• [Exercise details]:
The response should consist of the data below, copied exactly, with no pictures in it.

─── Supplied material ───

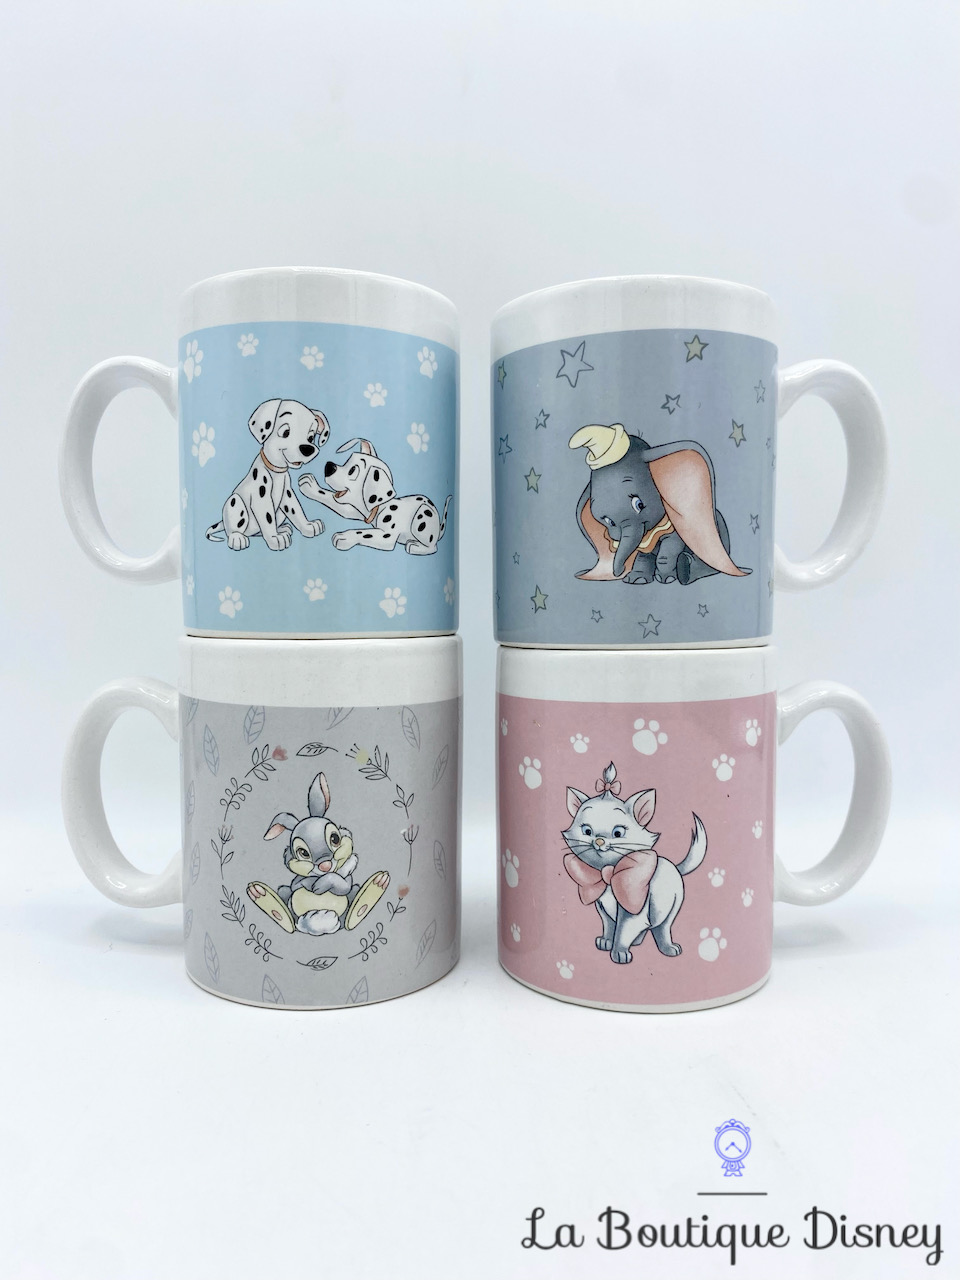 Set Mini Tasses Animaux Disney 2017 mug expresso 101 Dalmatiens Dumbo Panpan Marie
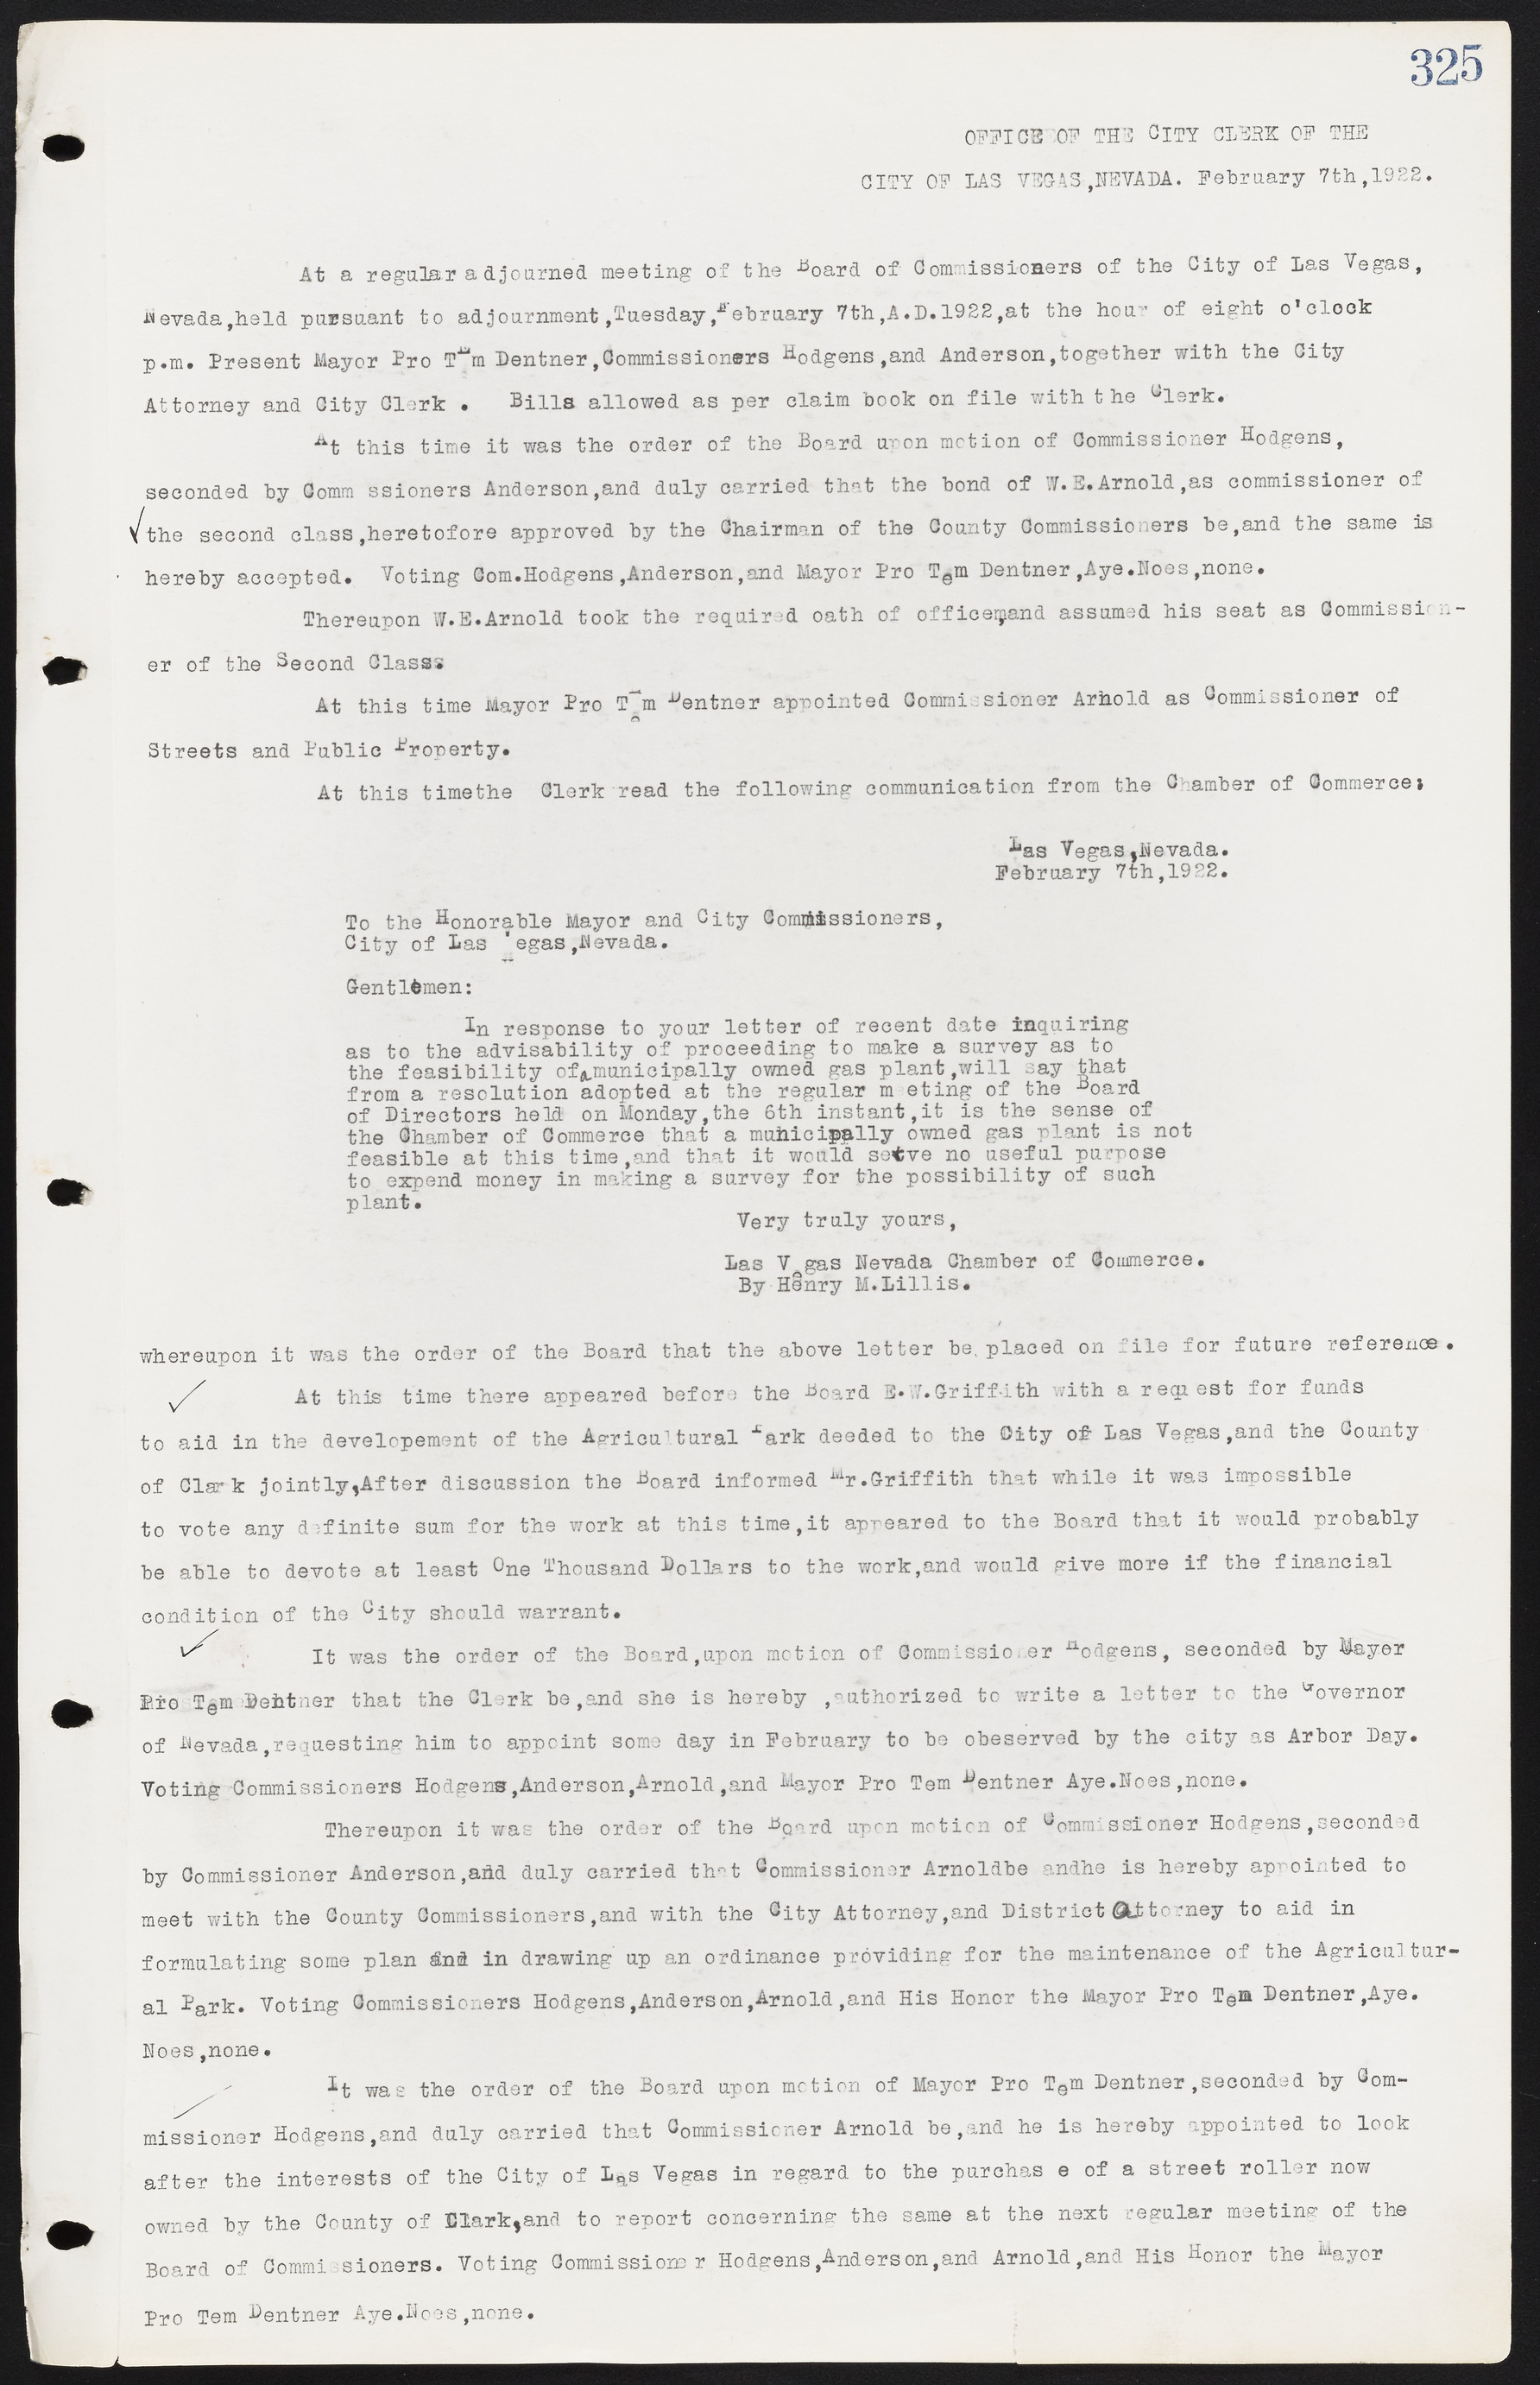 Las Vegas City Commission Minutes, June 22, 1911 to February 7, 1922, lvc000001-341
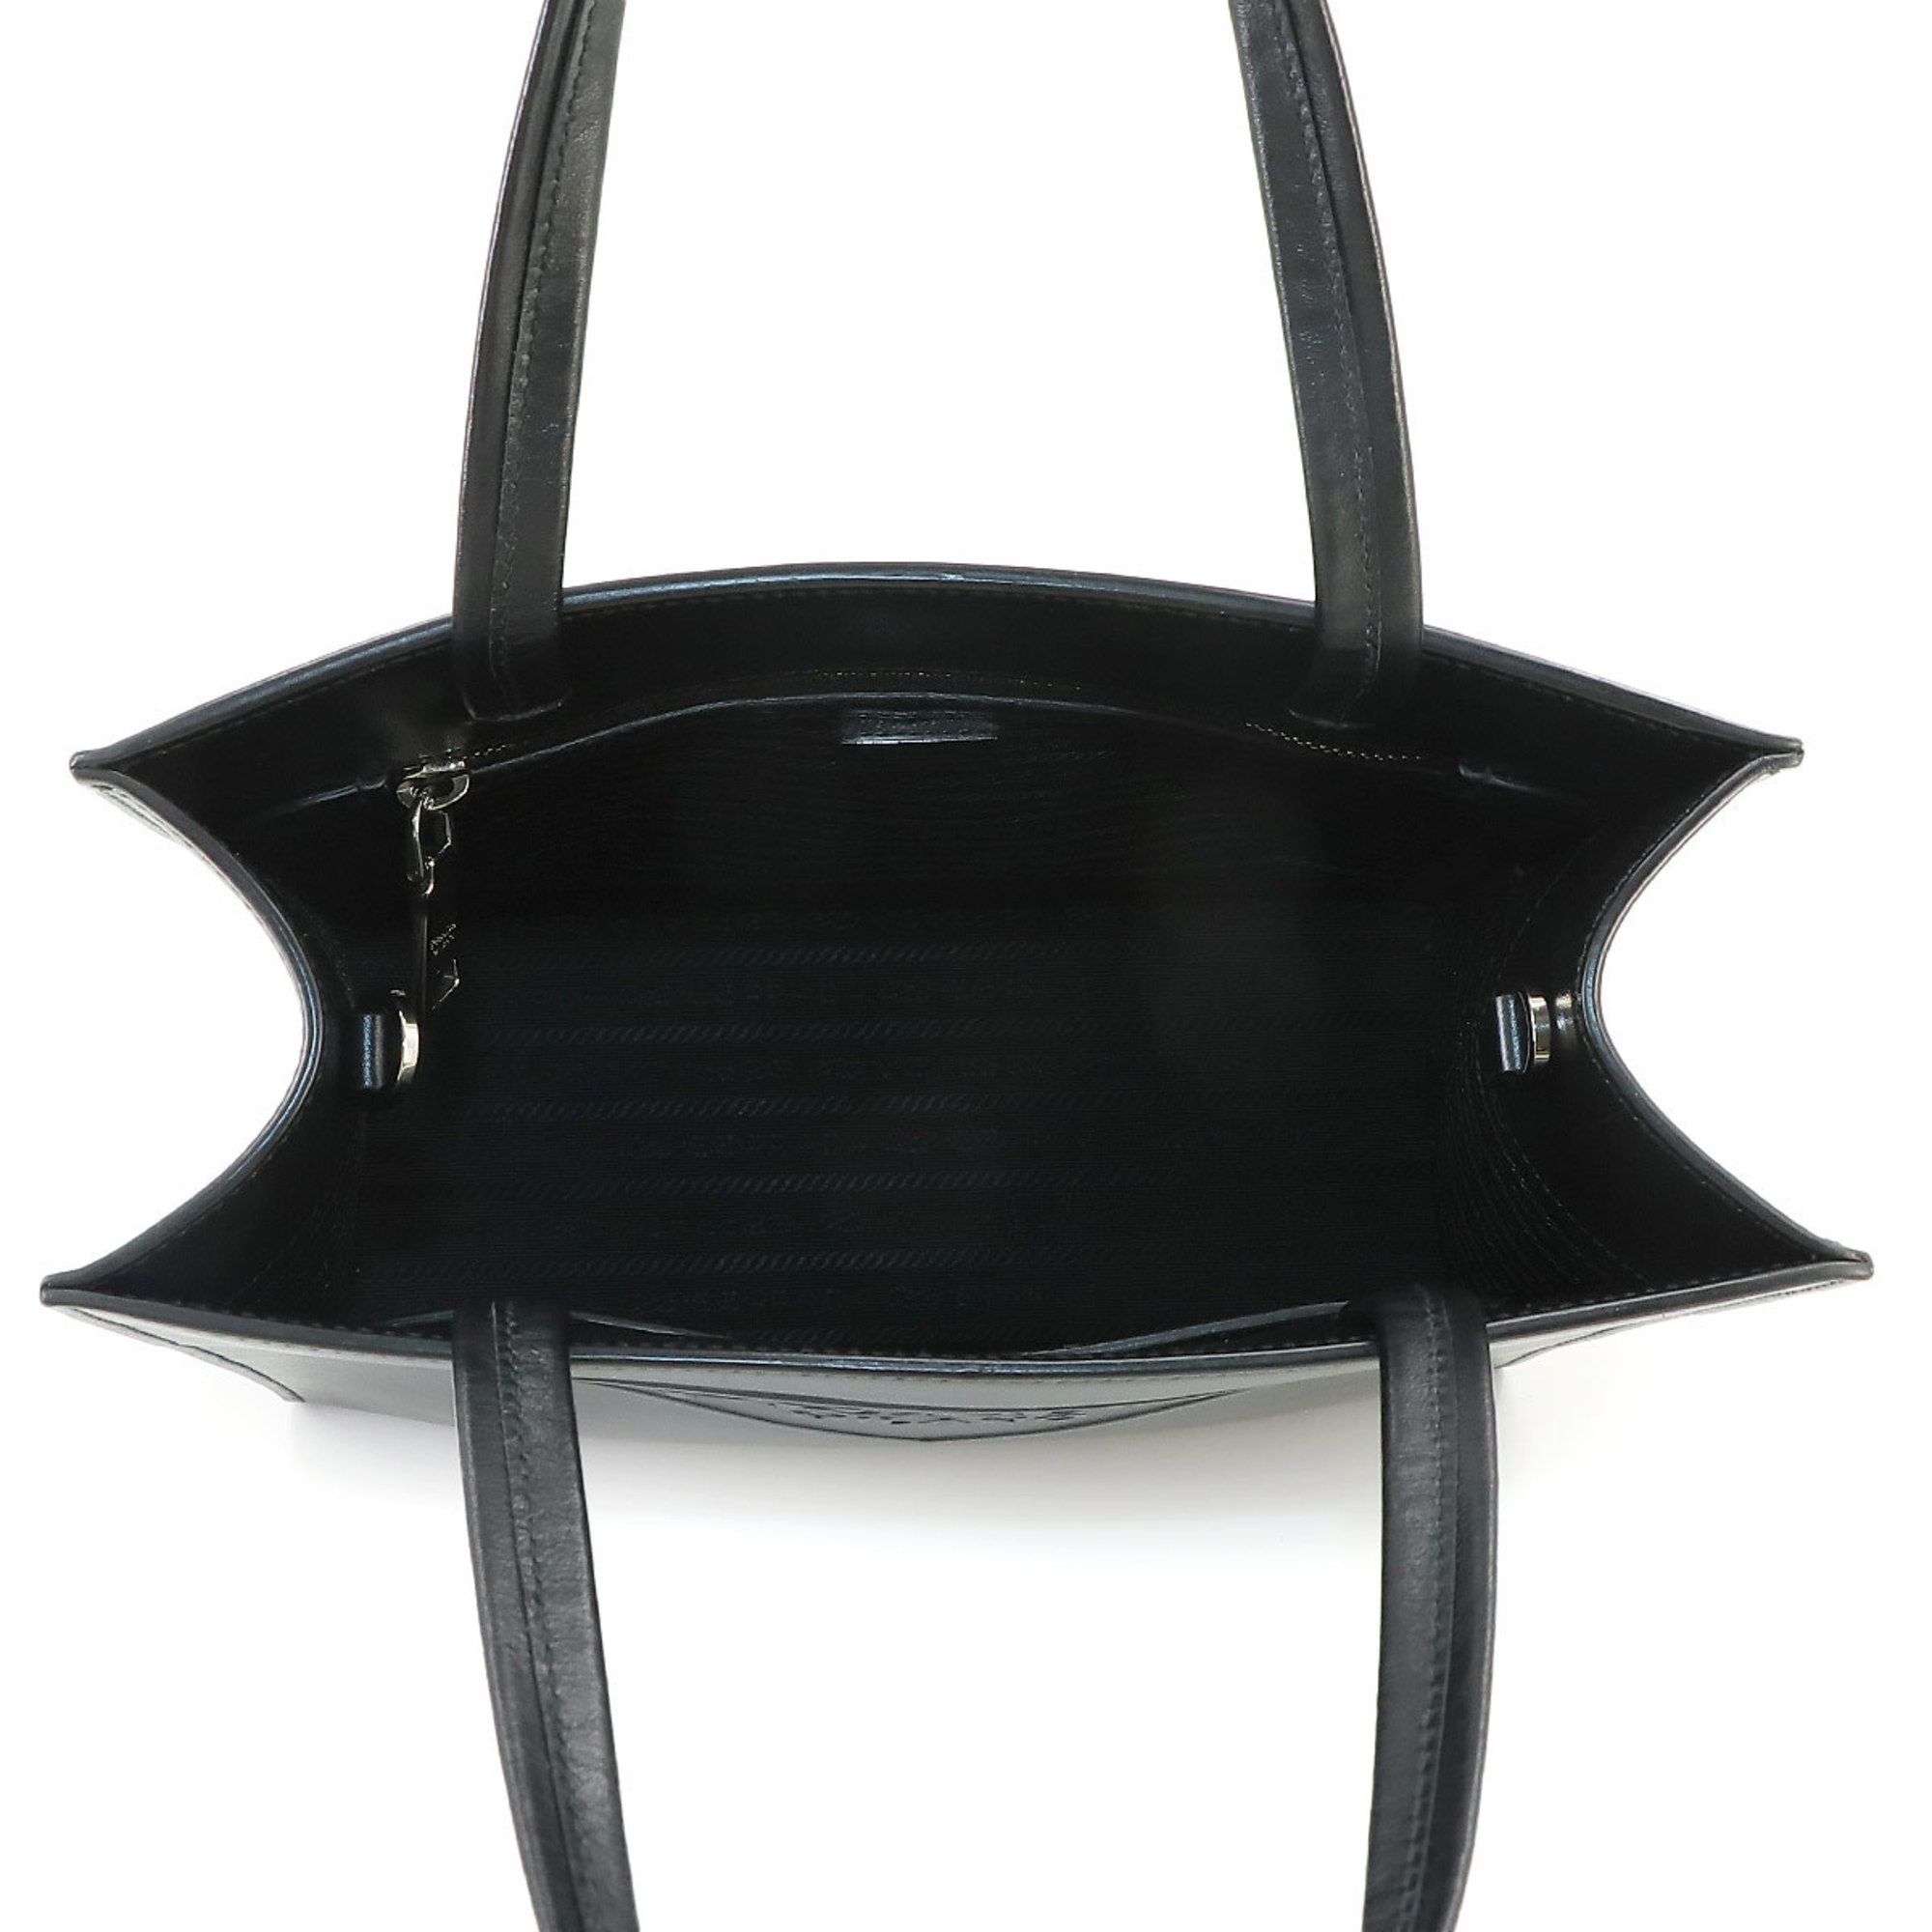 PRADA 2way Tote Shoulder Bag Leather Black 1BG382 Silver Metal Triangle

───

• [Output below]:
 Set Mini Tasses Animaux Disney 2017 mug expresso 101 Dalmatiens Dumbo Panpan Marie
 Las Vegas City Commission Minutes, June 22, 1911 to February 7, 1922, lvc000001-341
 PRADA 2way Tote Shoulder Bag Leather Black 1BG382 Silver Metal Triangle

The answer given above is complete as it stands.